━━━ DATASET CONTENT
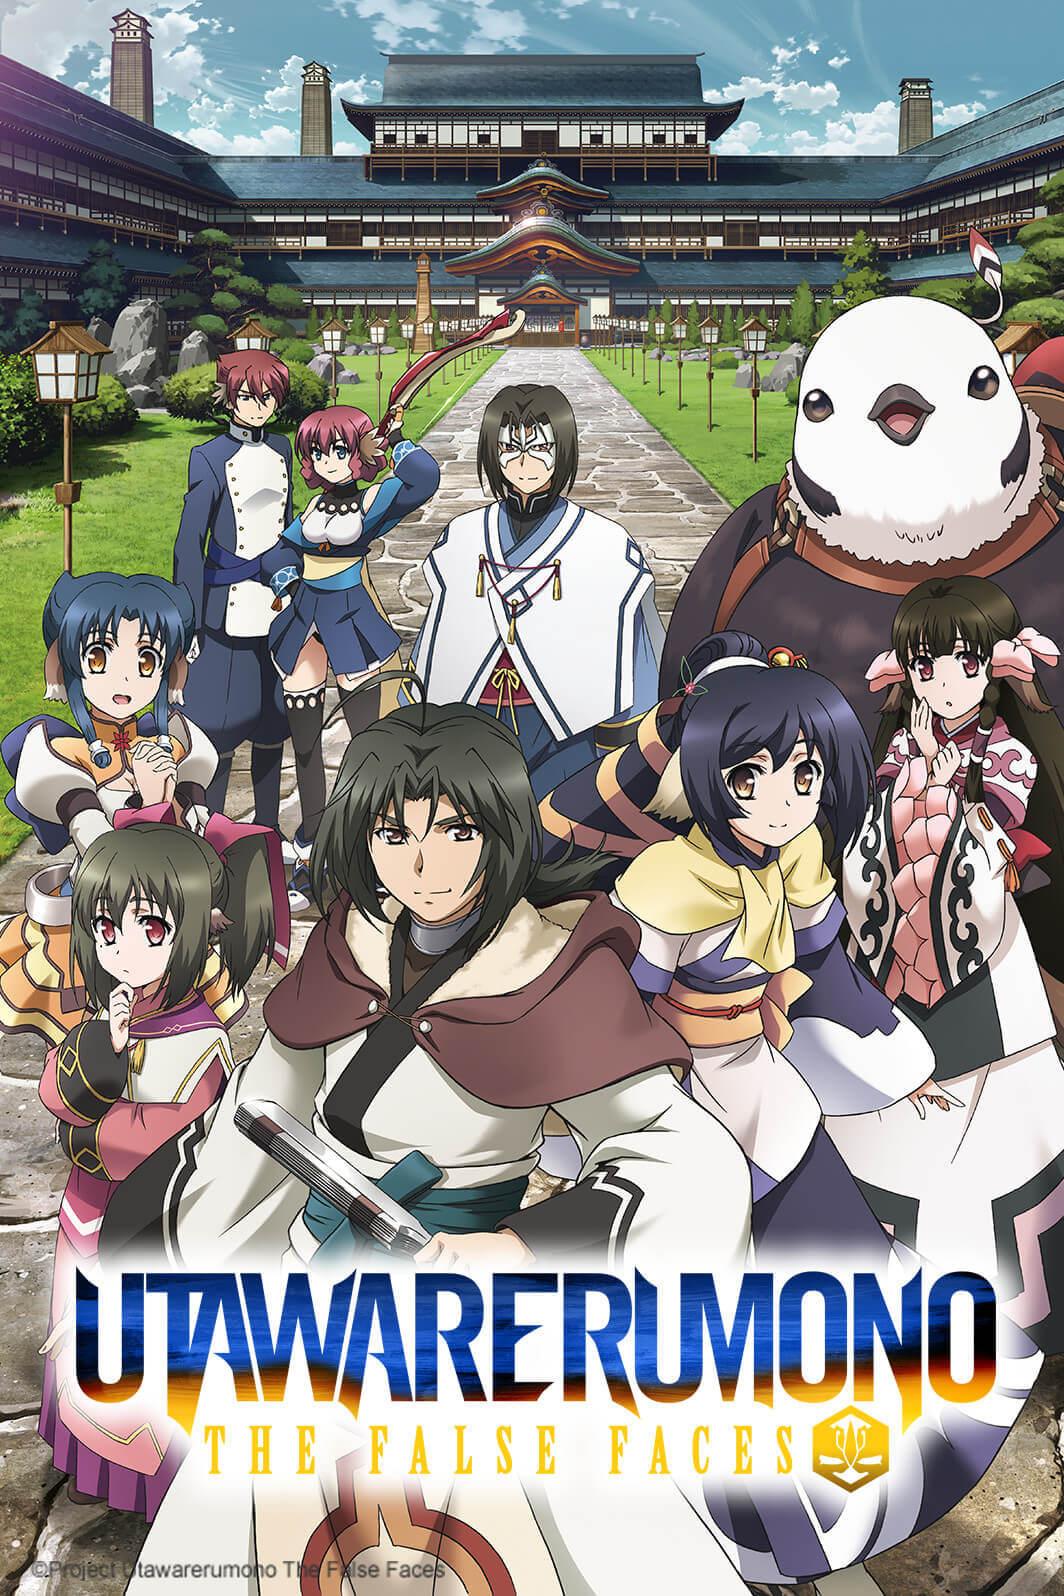 Utawarerumono: Itsuwari no Kamen
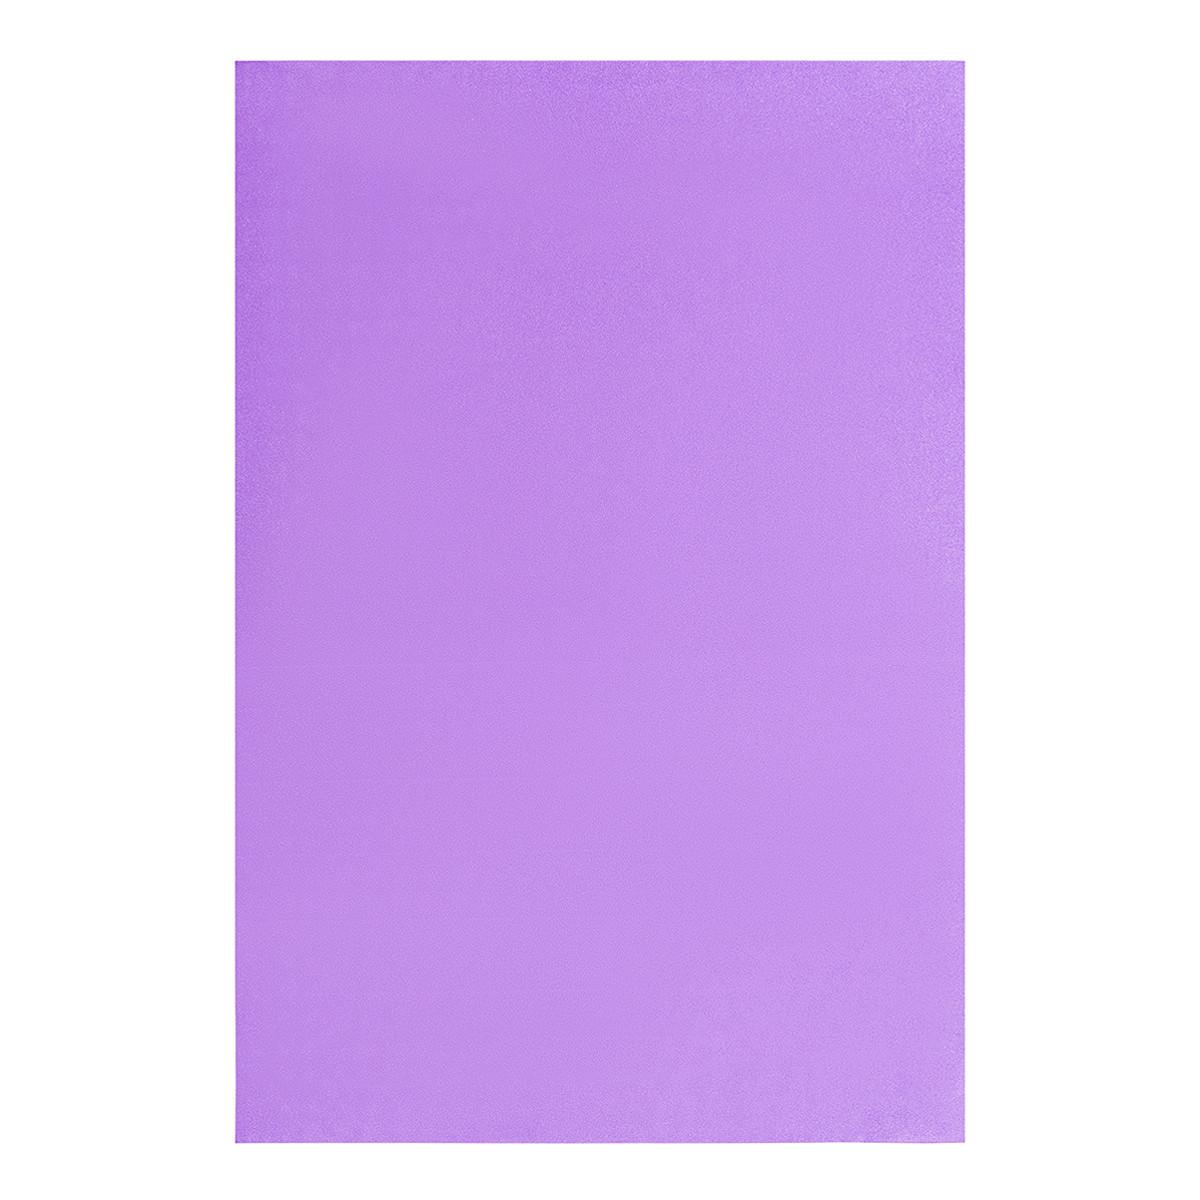 Фоаміран ЕВА фіолетовий, 200*300 мм, товщина 1,7 мм, 10 листів
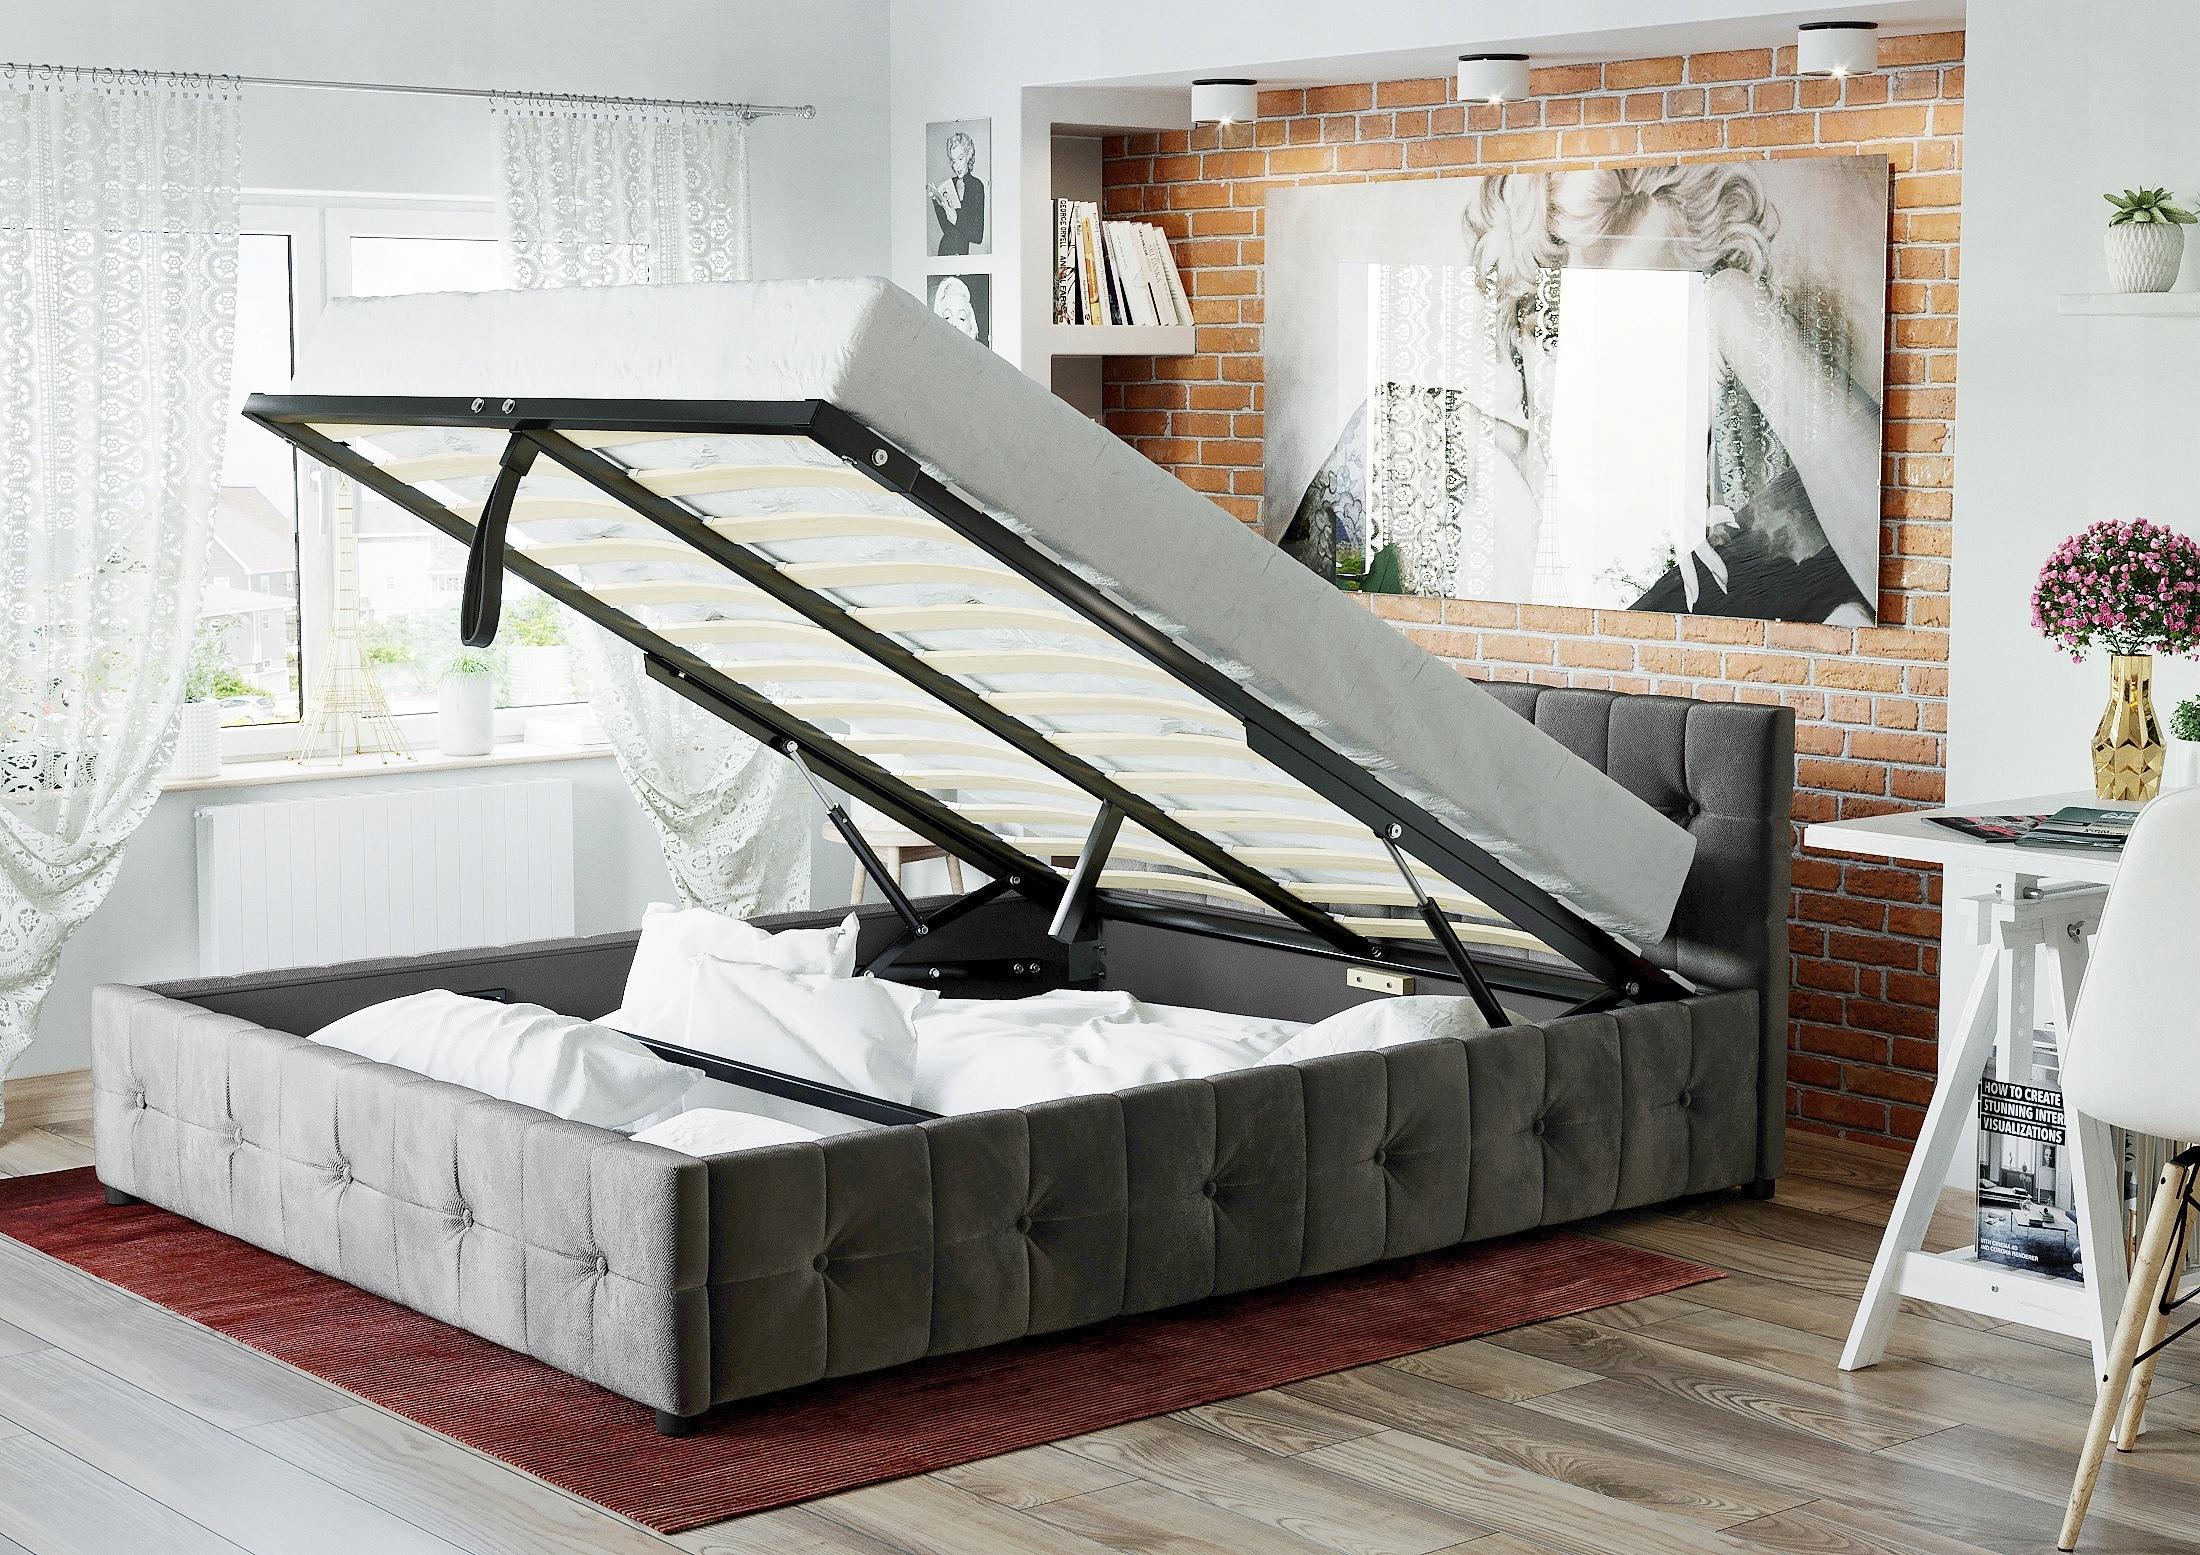 łóżko Tapicerowane 140x200 Klaudia Z Materacem 7453361100
━━━━━━
#### ABOUT THIS EXERCISE
Your reply should restate the data above word for word and contain no pictures.

#### SOLUTION FOR THIS PROBLEM
 Utawarerumono: Itsuwari no Kamen
 Фоаміран ЕВА фіолетовий, 200*300 мм, товщина 1,7 мм, 10 листів
 łóżko Tapicerowane 140x200 Klaudia Z Materacem 7453361100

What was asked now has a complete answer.